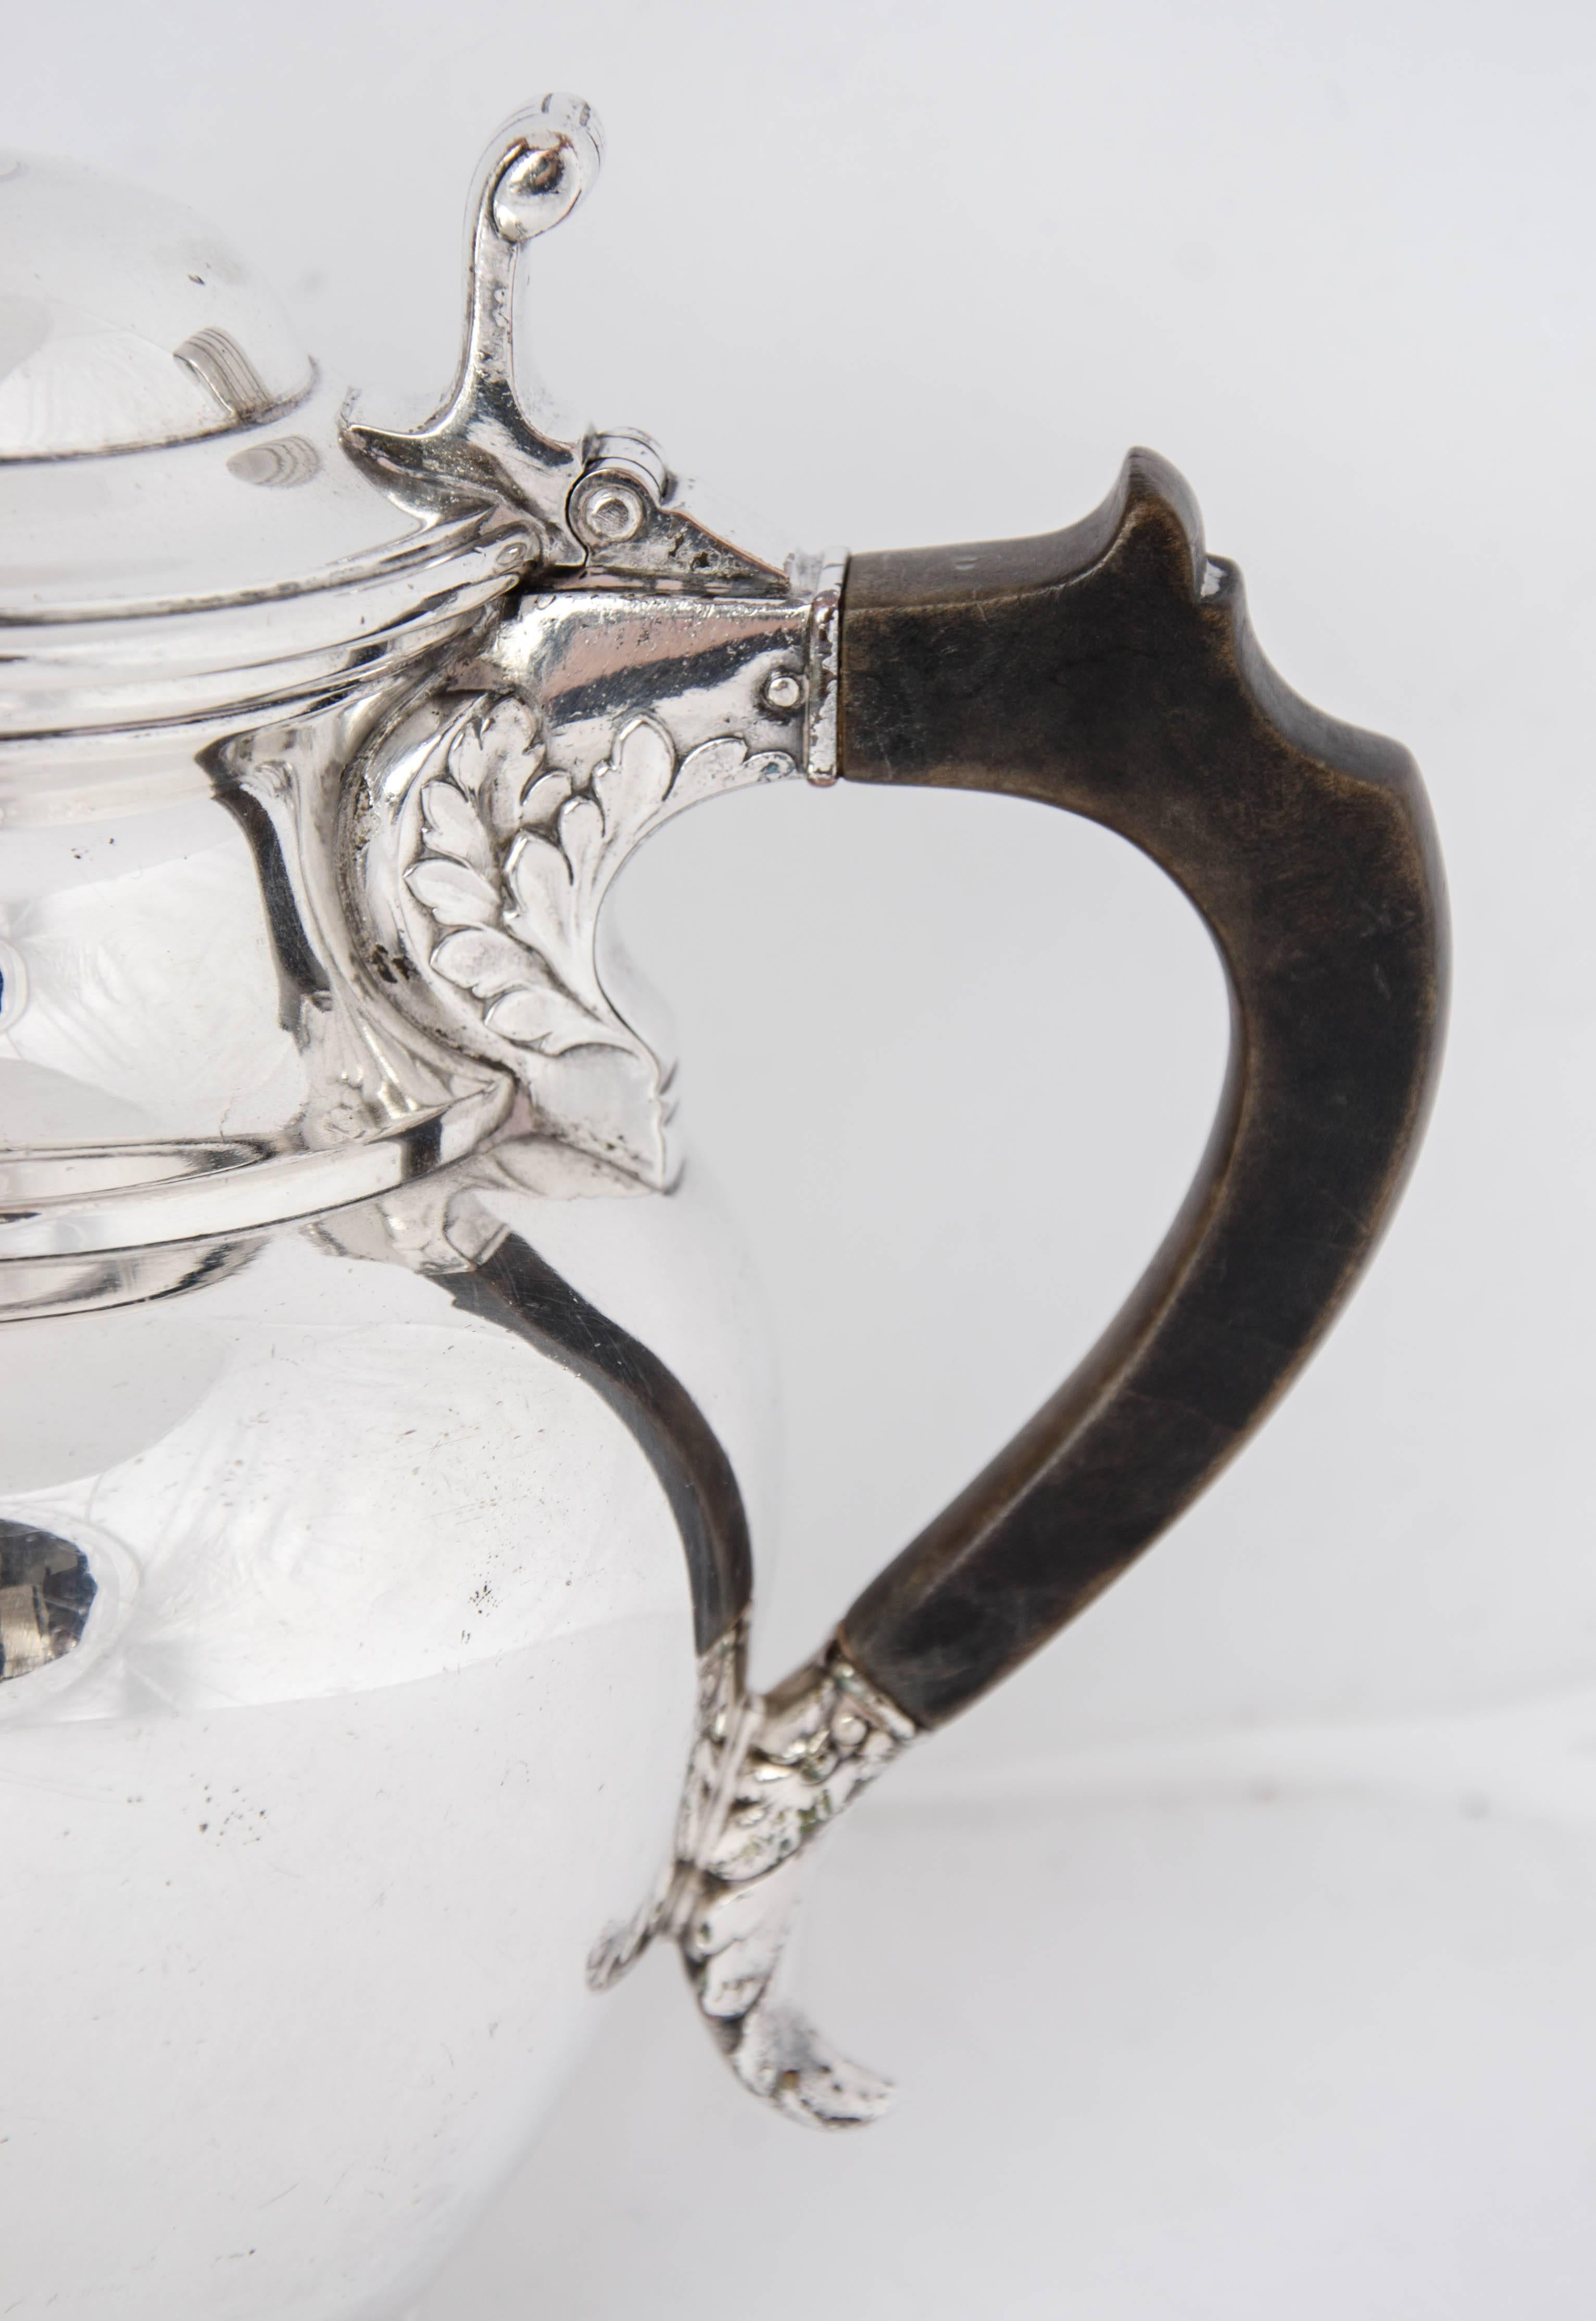 Silver plated beer jug, circa 1900. A fun novel way to serve beer, wine or your choice of beverage. Great as part of your barware and certainly a great talking point.

Please contact us for shipping prices.
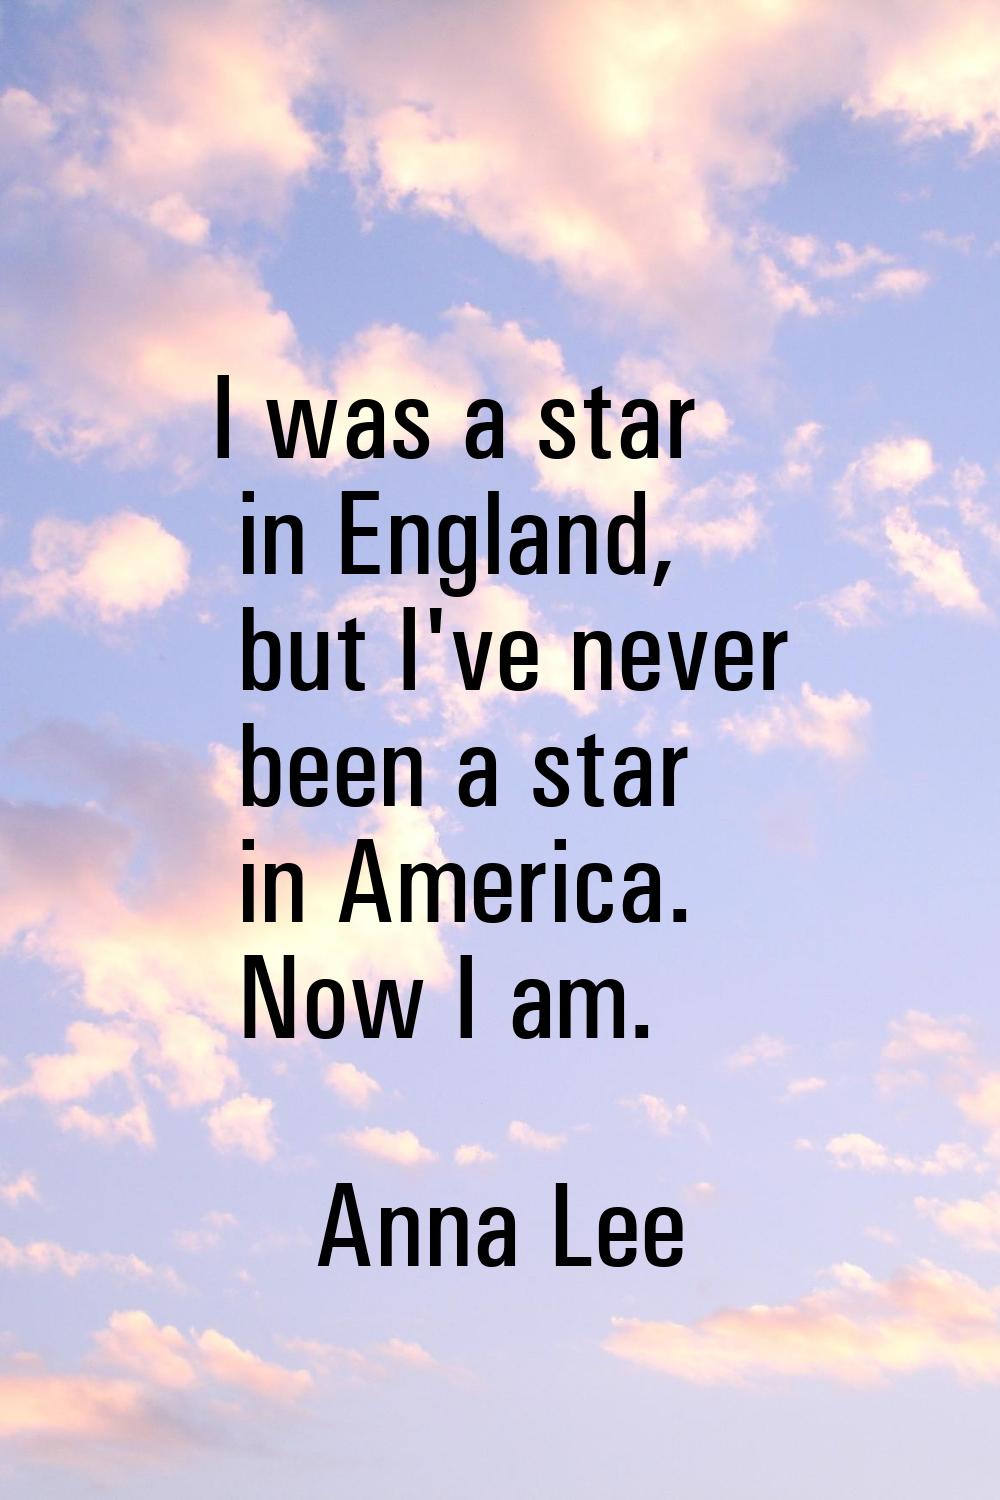 I was a star in England, but I've never been a star in America. Now I am.
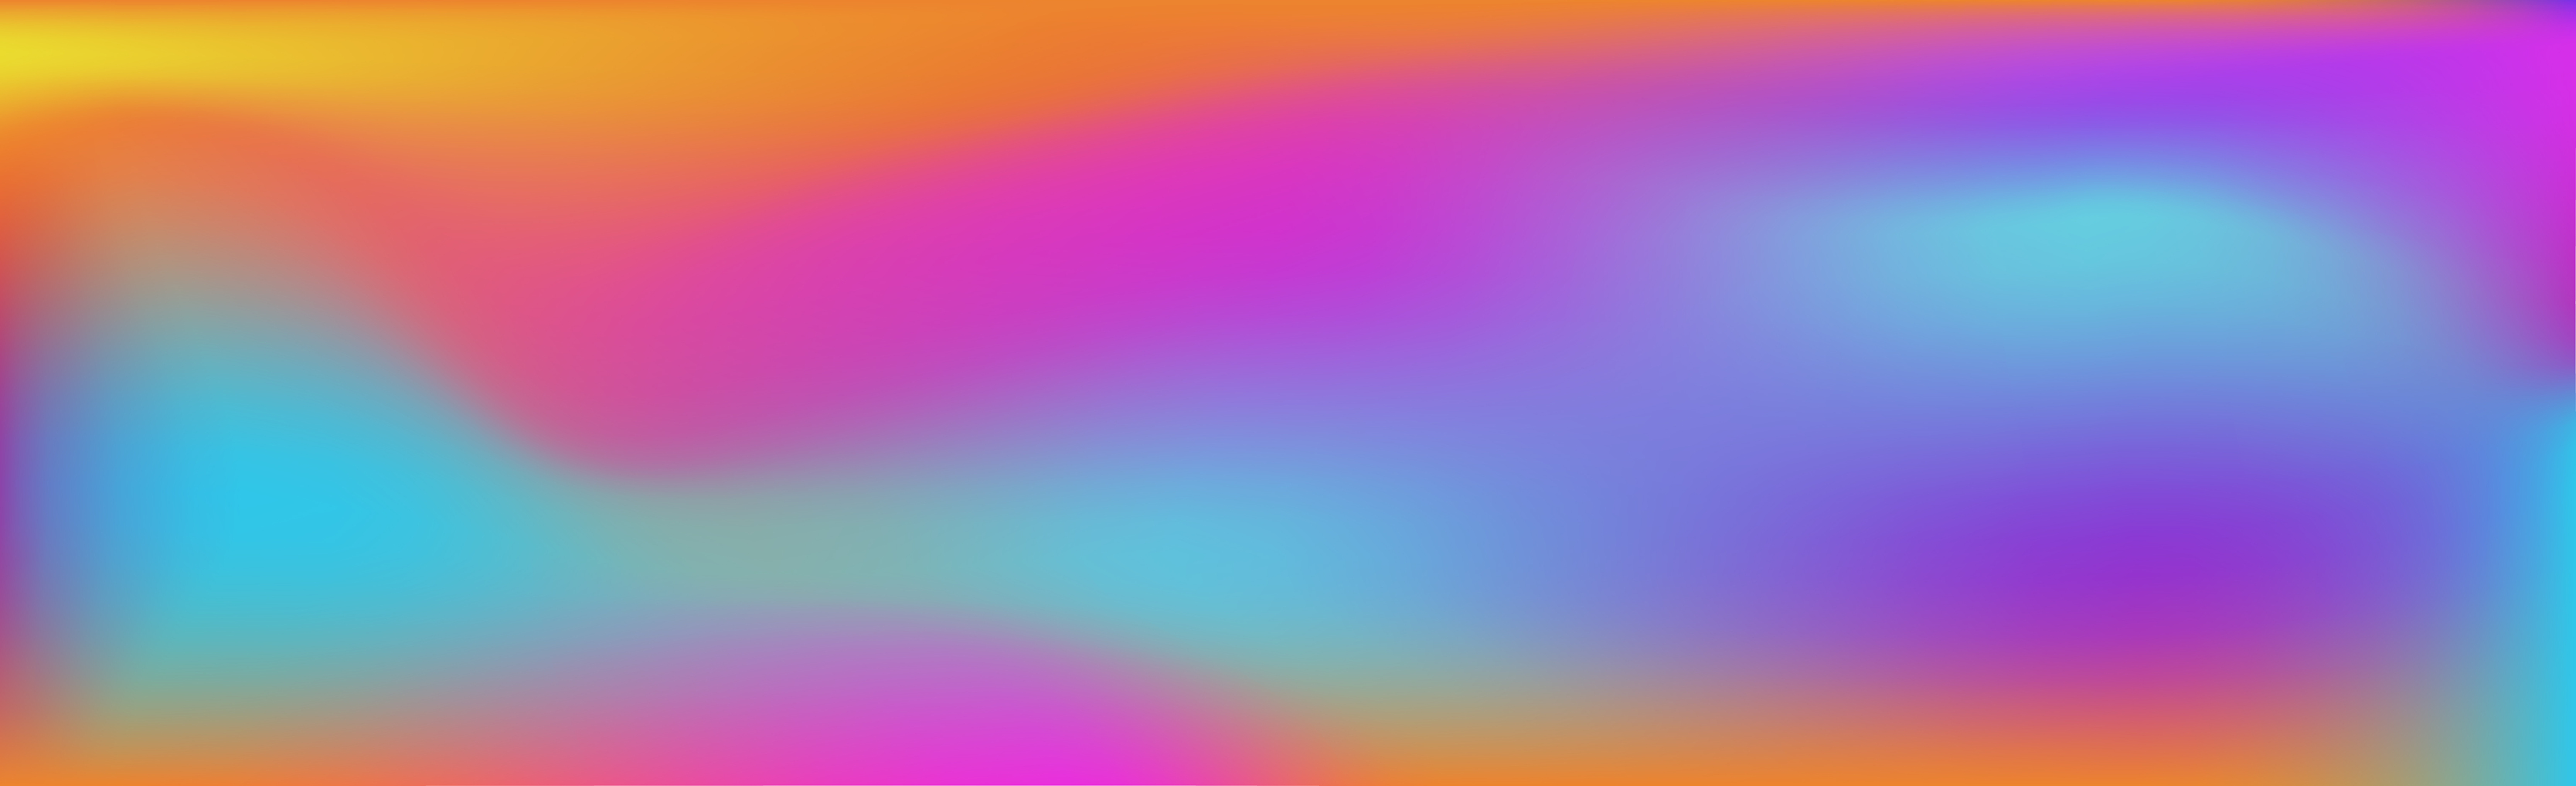 Blurred large panoramic summer background multicolored gradient 5190410 ...
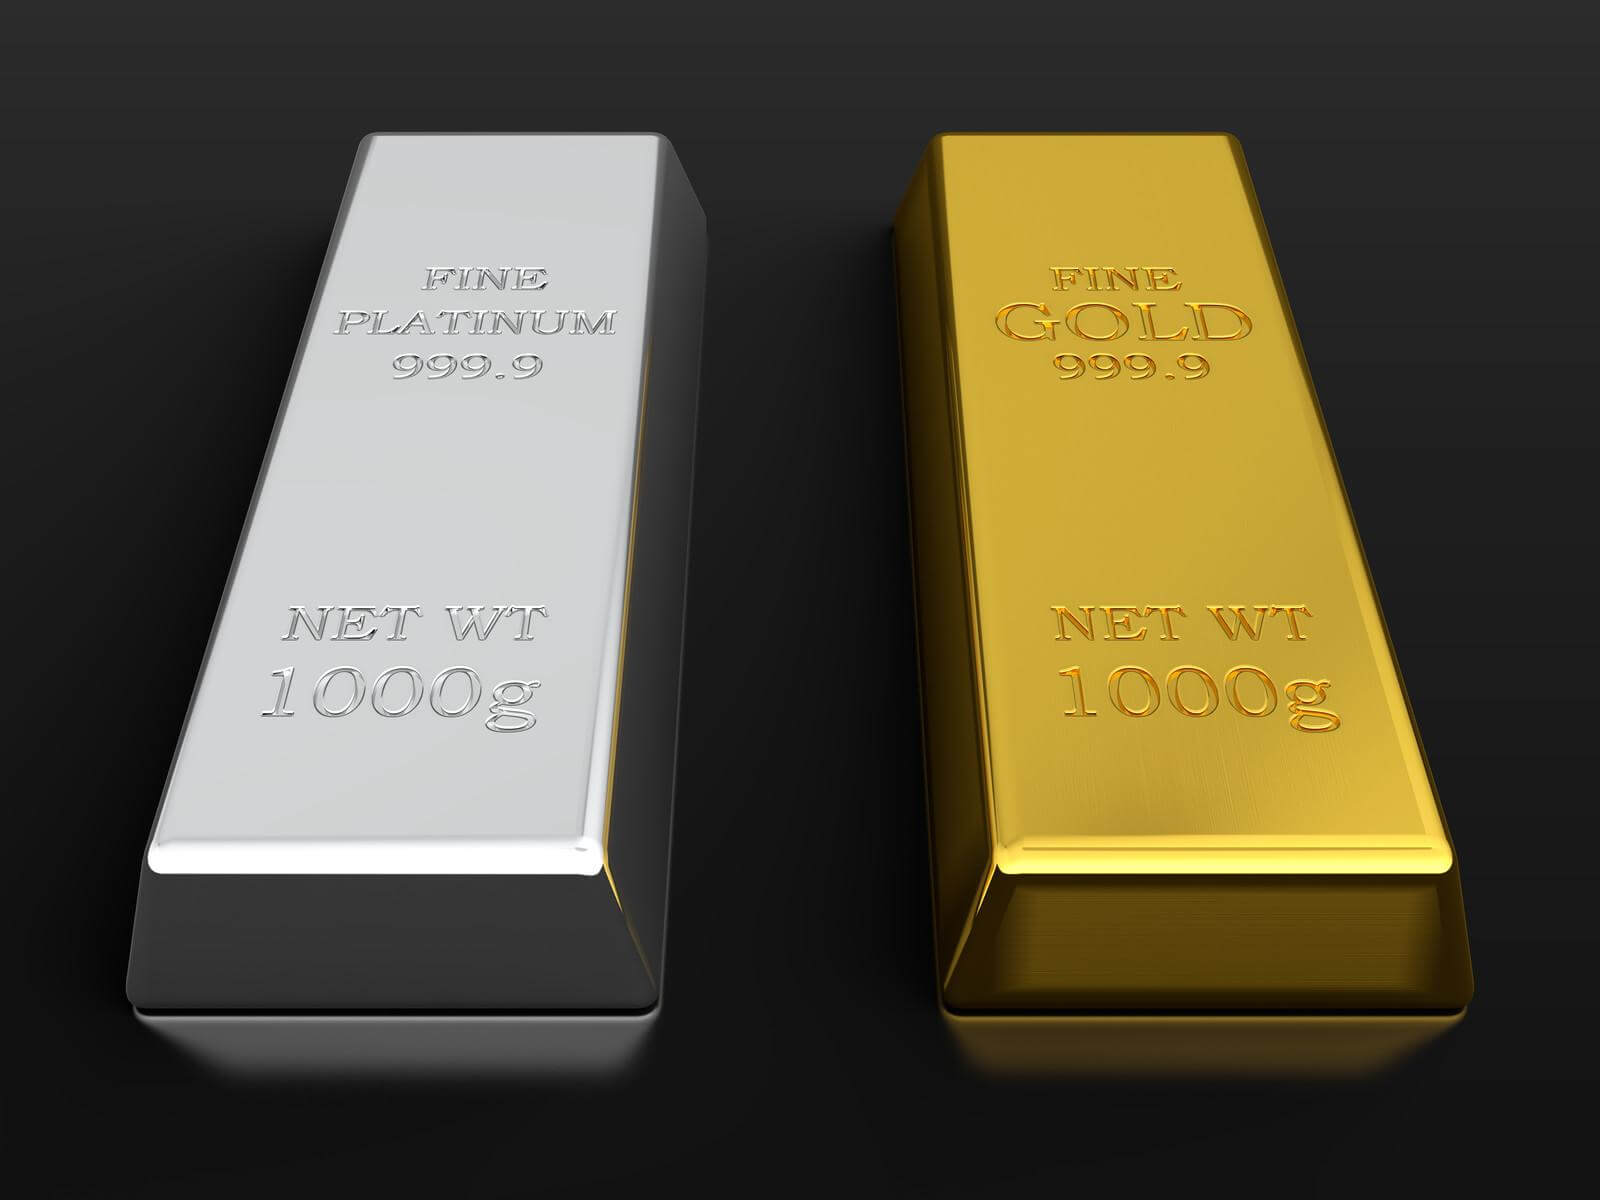 Platinum vs. Gold - Which Is The Better Long-Term Investment?
========================
Once the line with "I was a star" is found, write out that line and every later line of the listing above exactly, through the last one, and skip any pictures.

**Answer to this problem**
 I was a star in England, but I've never been a star in America. Now I am.
 Blurred large panoramic summer background multicolored gradient 5190410 ...
 Platinum vs. Gold - Which Is The Better Long-Term Investment?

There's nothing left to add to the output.